When I am anxious and worried over my son’s struggles to connect, to fit in, to keep up, I remind myself, and him, that in his essence, he is unchanged, whole, and strong in spirit.
It is difficult for us to understand and accept various conditions and calamities that befall our loved ones. My son’s autism brings real disadvantages in this material realm. His physical and sometimes emotional suffering are real. I will never know for sure what the mysterious reasons for my son’s challenges might be, but I caught a glimmer of this larger reality some years ago. My son, with characteristic insight and honesty, was telling me he owed me a great deal. He said, “Mom, I know I’m a lot of work. I can never repay you for all the time you’ve spent on me.”
My heart twisted, and tears came to my eyes. “No, no, that’s not it!” I refuted him, and as I did, I saw that the opposite was in fact the case. Yes, life has been difficult for him, and for our family at times, because of his autism. I have felt self-pity, anger, hopelessness, and worry over the future – and yet, he is also the biggest blessing of my life.
Through my son, I’ve learned to let go of the illusion of control. I’ve developed a reliance on God, an ability to be in the present moment, more patience, and even an occasional embrace of sacrifice. “You know those spiritual qualities we’re always talking about and trying to learn?” I asked him. “Being your mother has helped me to strengthen those muscles. In fact, I owe you a great deal. I’m a better person because I’m your mom. These strengths you’ve helped me to develop will be with me in the next world.”
We tend, in this world, to see the physical realm as the only reality.
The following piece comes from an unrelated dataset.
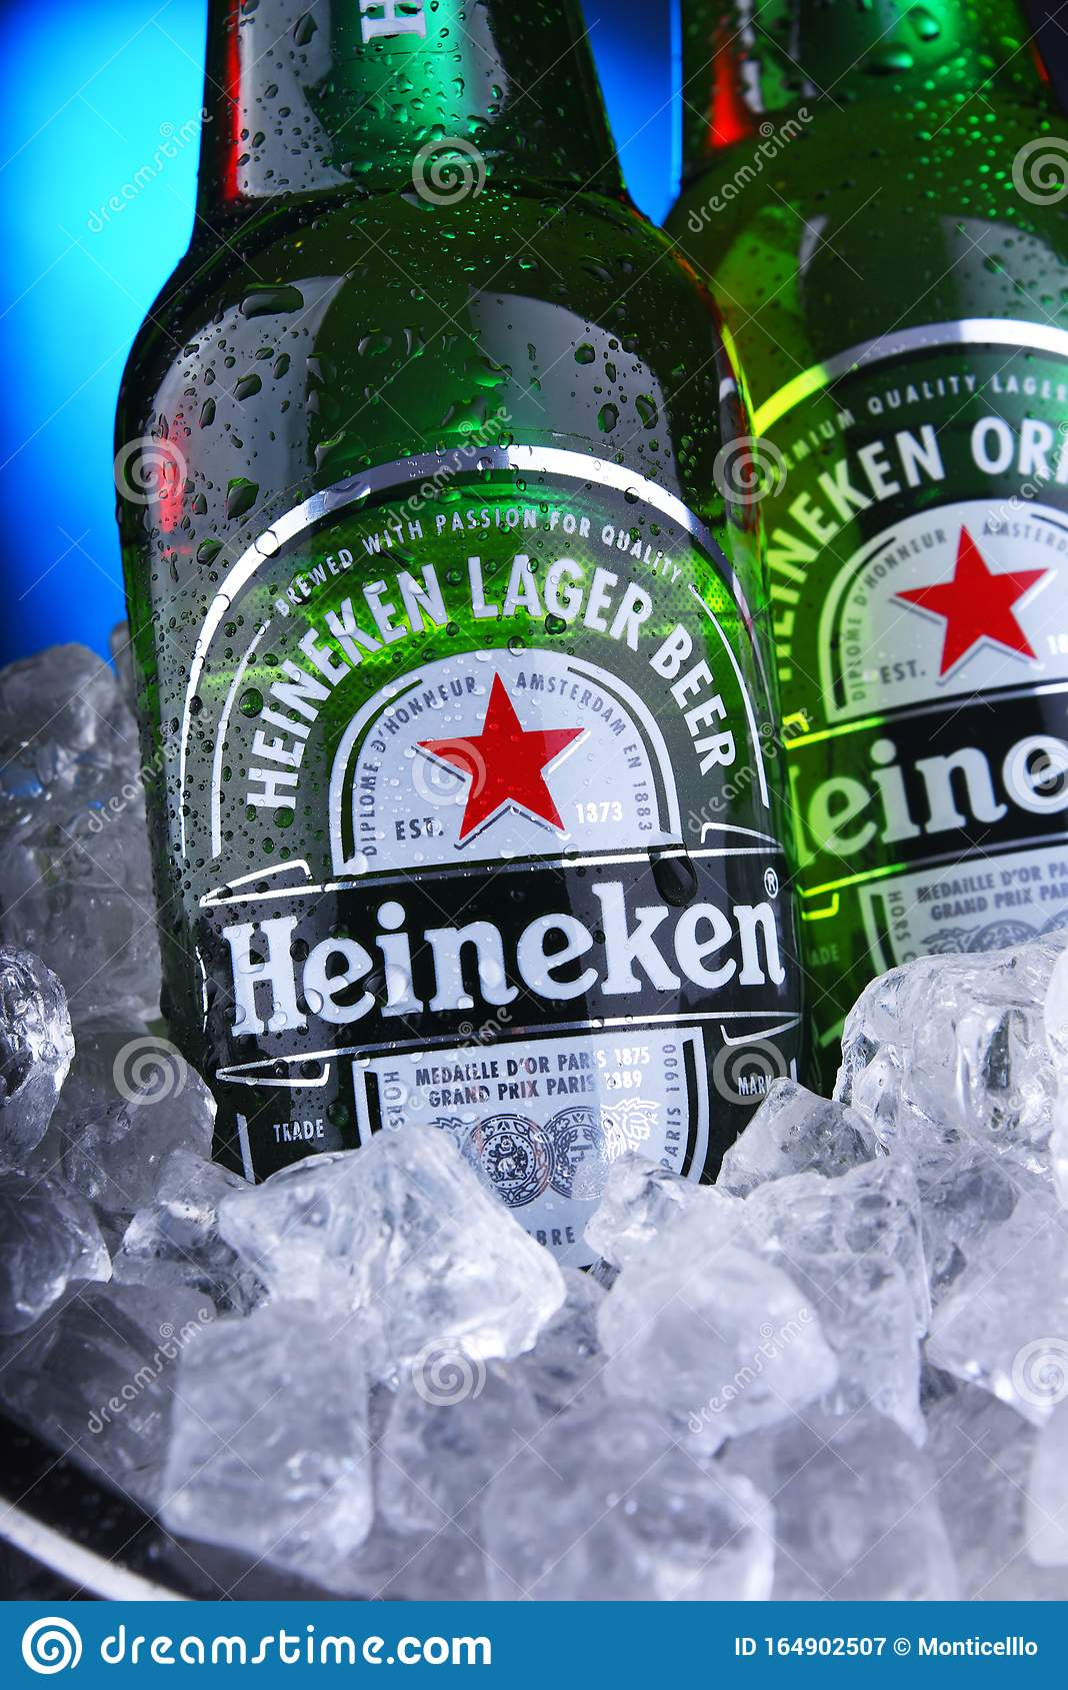 2 093 Heineken Beer Photos Free Royalty Free Stock Photos From Dreamstime
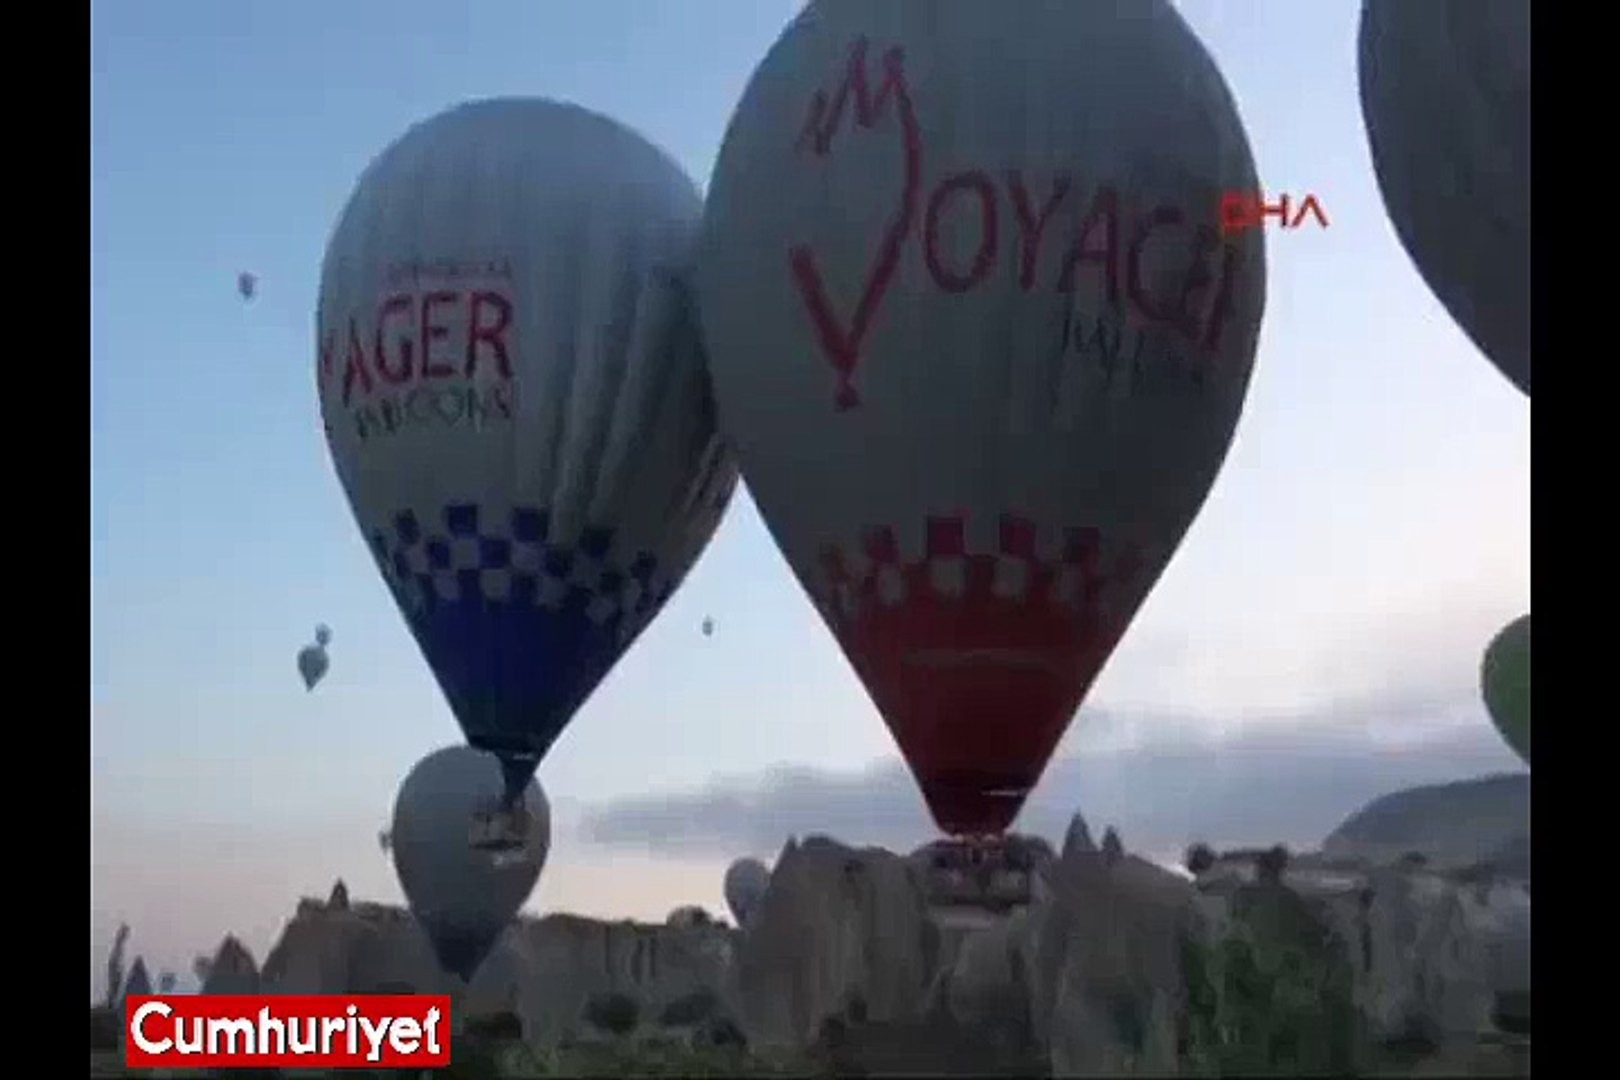 Kapadokya'da balon sert iniş yaptı: 8 turist yaralandı

What we can do here, how effective we are here, is, we often think, the sum of who we are, and the way to measure our success. The Baha’i writings instead remind us that this life is merely the workshop through which we develop spiritual qualities needed in the next world, into which we can take nothing but our eternal souls, endowed with virtues like love, patience, generosity, and kindness, to the extent that we have practiced these in this world.
… the real world, and this nether place is only its shadow stretching out. A shadow hath no life of its own; its existence is only a fantasy, and nothing more; it is but images reflected in water, and seeming as pictures to the eye.
This reminder to not get caught up in results we can see here, or what we’ve managed to build or amass, can help us keep focused on who we are and what we can truly offer. This may also help us to see those with developmental or learning differences more clearly. In a published statement, the Baha’i International Community wrote:
The prejudice and discrimination that disabled people suffer is the product of the more general human tendency to label as ‘inferior’ those who are somehow different. But the ostracism that disabled persons often experience can be even more intense, for it is founded on fear – fear on the part of the ostracizer that he, too, may someday become the victim of disability. The only way to eradicate this fear is to educate every member of society to see disability for what it really is – a mental or physical condition that may make everyday life more challenging, but that cannot affect the disabled person’s soul, spirit, creativity, imagination or determination – in short, some of the most valuable aspects of life. At the same time, such an appreciation will enable individuals to see through the outward handicaps of disabled persons, to their inner reality.
I still worry about my son. But he was sent here by his Creator, he has work to do here, and his eternal soul is whole and complete. I will be eternally grateful that I got to help him progress in this part of his journey, as he has helped me on mine.